WHAT IS BEING ASKED — The reply should be an exact repeat of the listing, with no pictures in it.

AVAILABLE DATA —
┌────────

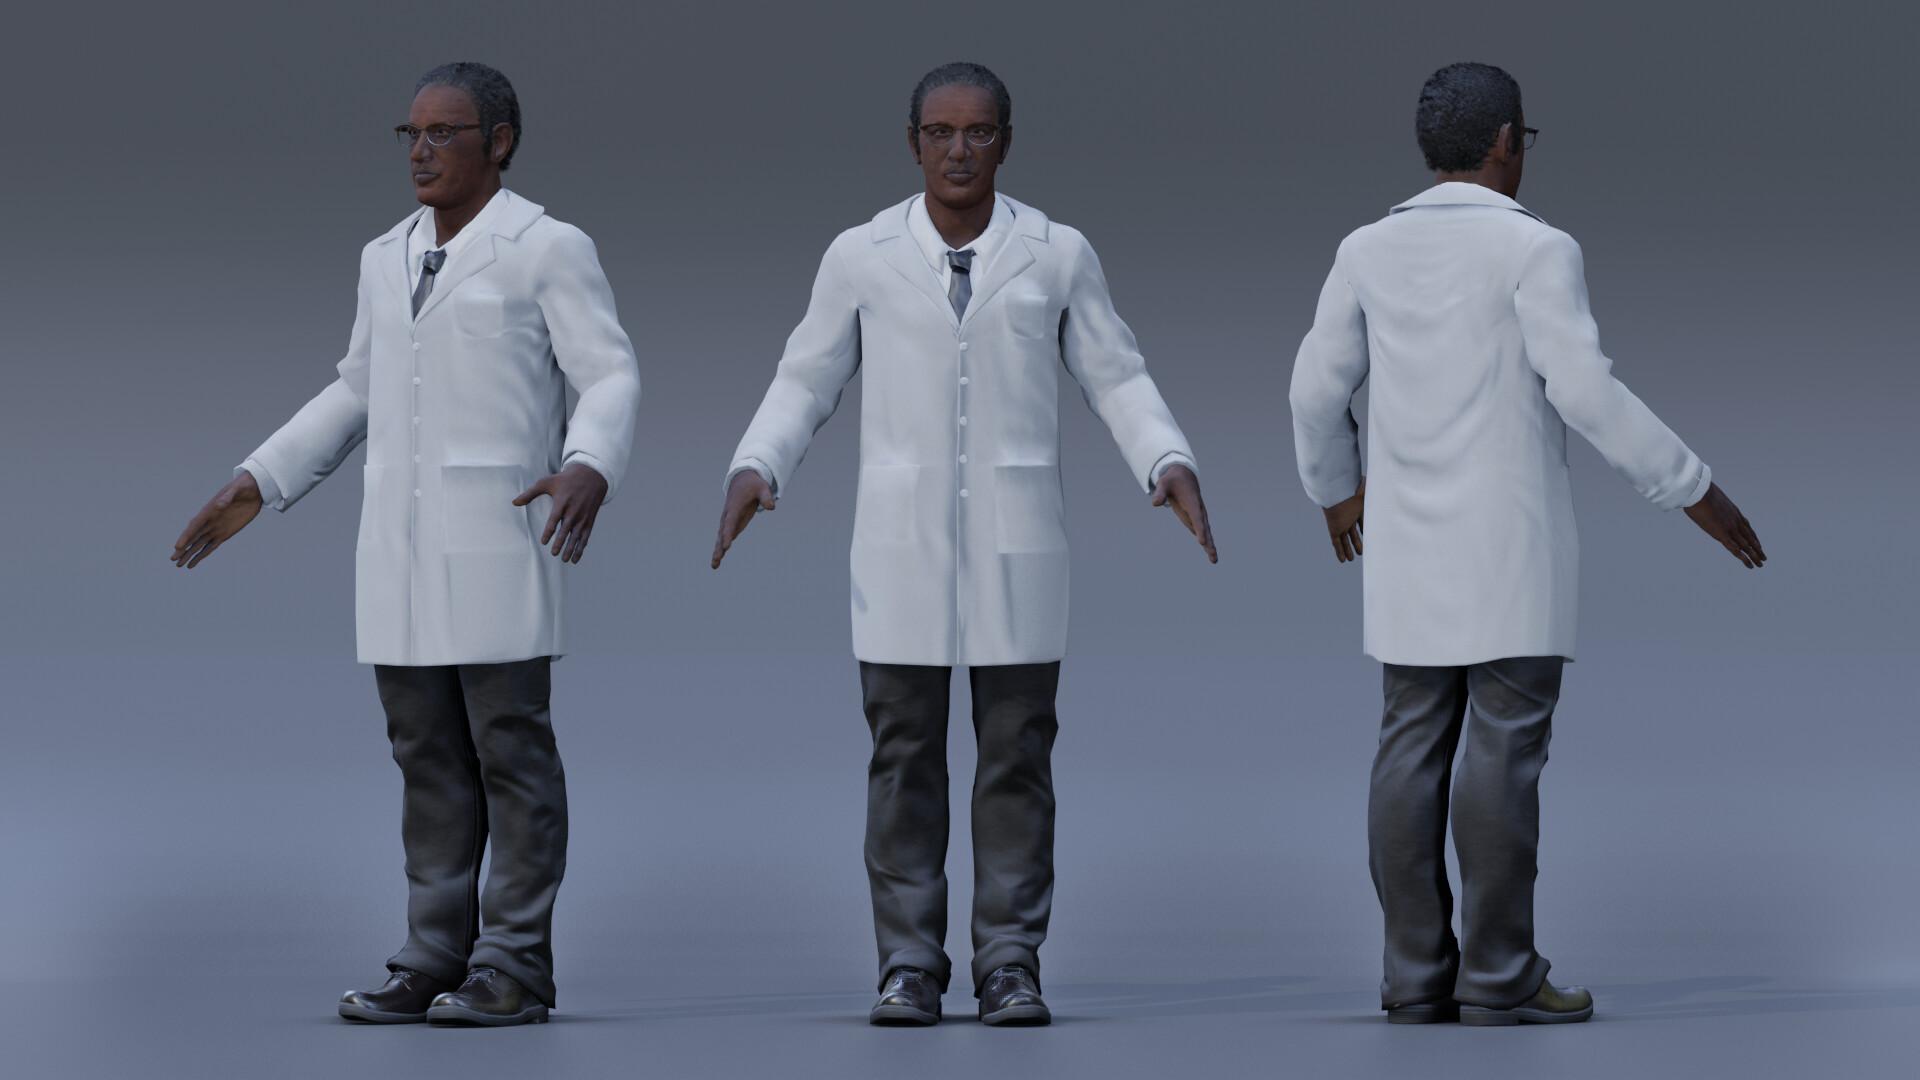 Dr. Alviston
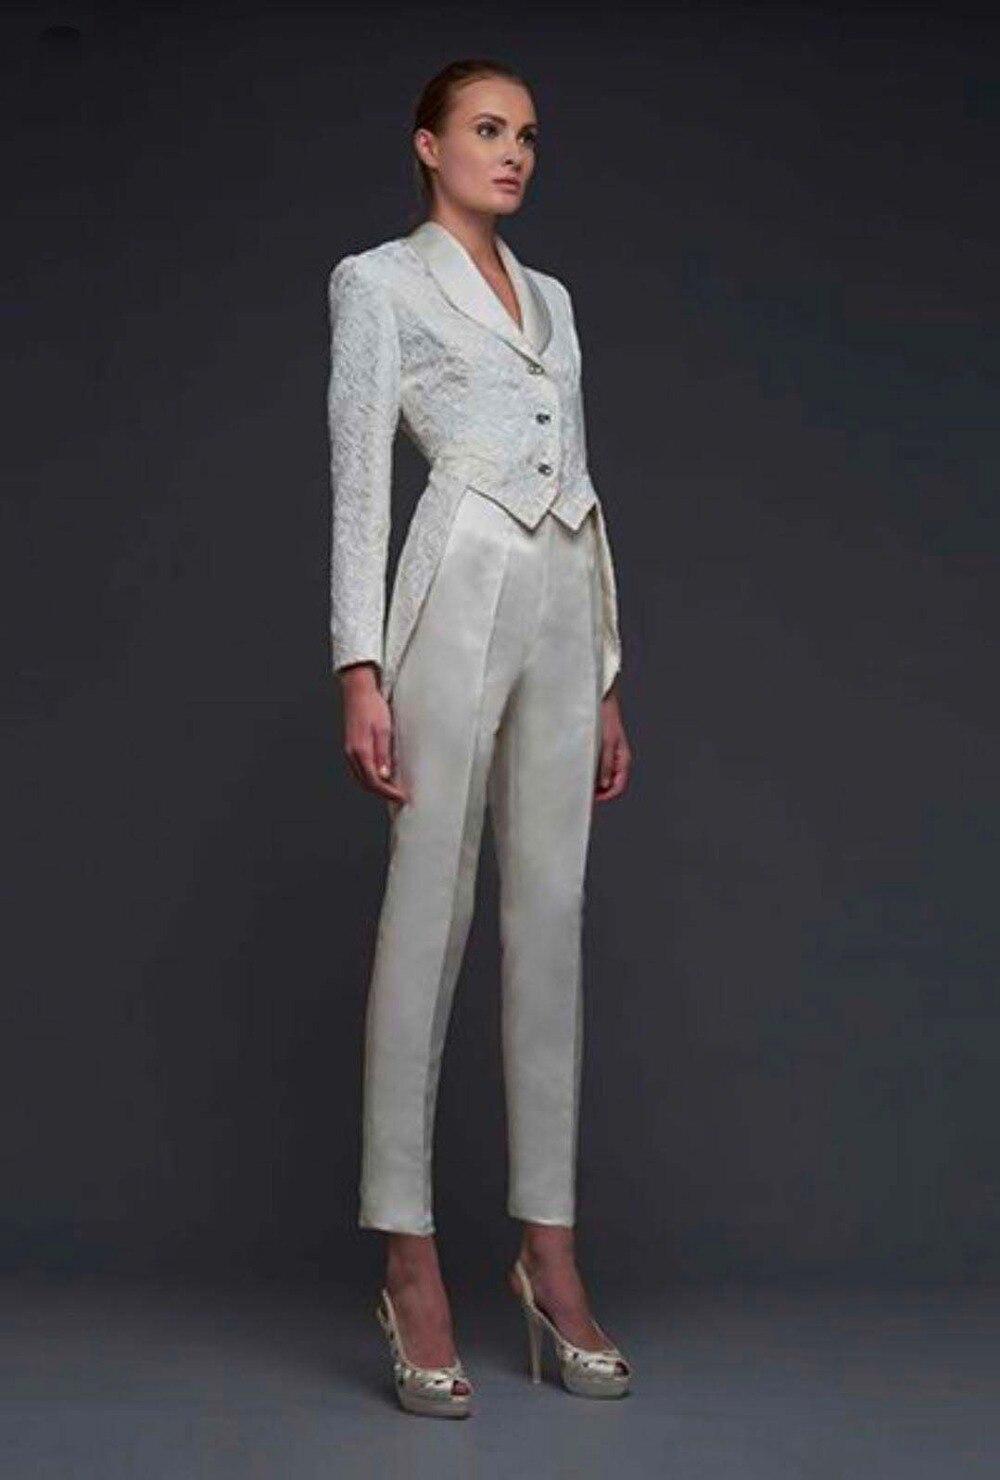 Women Pant Suits Ladies Suit Custom Made Formal Business Office Tuxedo Jacket+Pants Suits Female Office Uniform
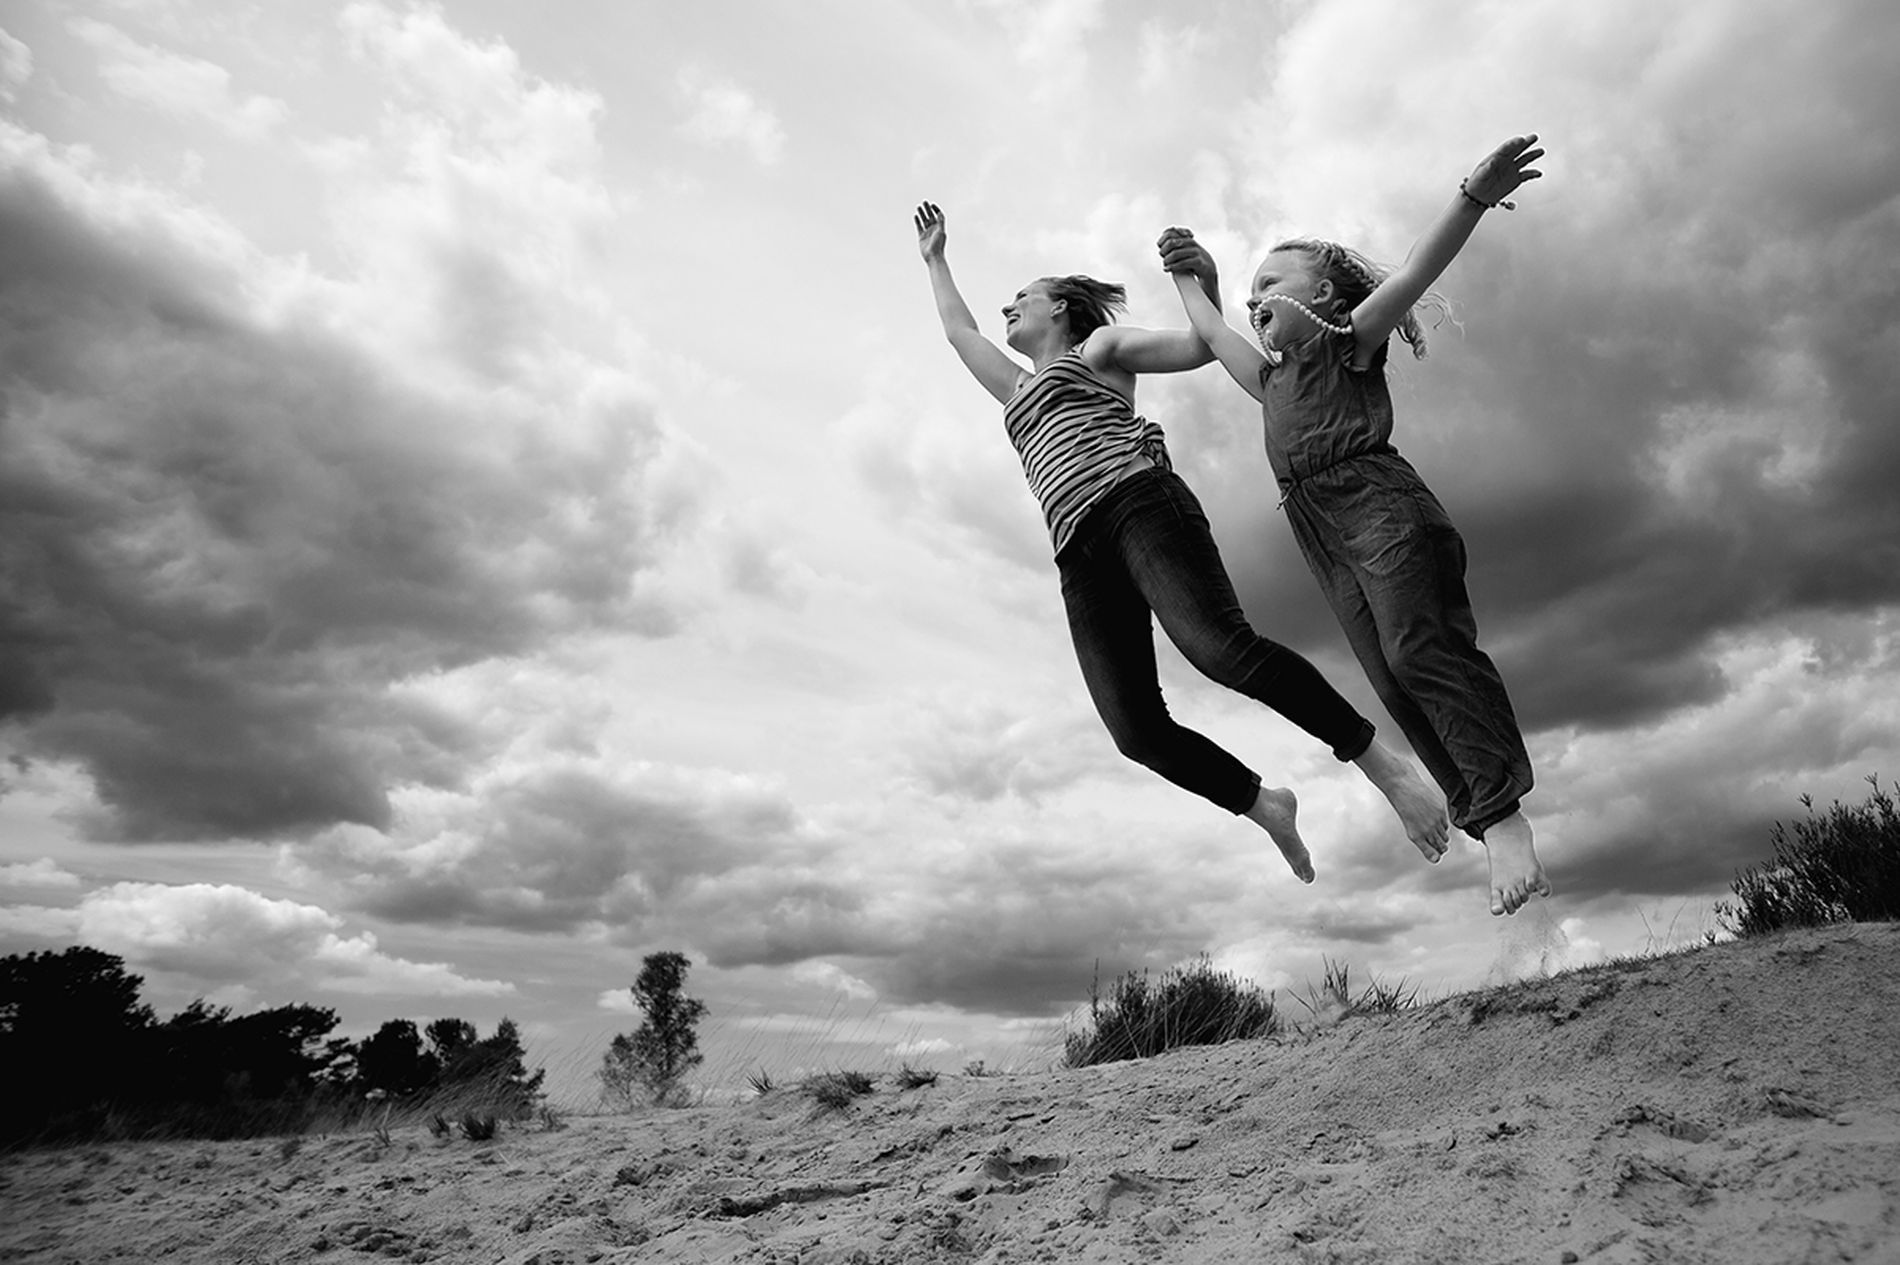 Bart-Boodts-3 MCP Actions Sponsored GuruShots Motherhood Photo Challenge Winners Contests

└────────

SOLUTION TO THIS EXERCISE —
 Dr. Alviston
 Women Pant Suits Ladies Suit Custom Made Formal Business Office Tuxedo Jacket+Pants Suits Female Office Uniform
 Bart-Boodts-3 MCP Actions Sponsored GuruShots Motherhood Photo Challenge Winners Contests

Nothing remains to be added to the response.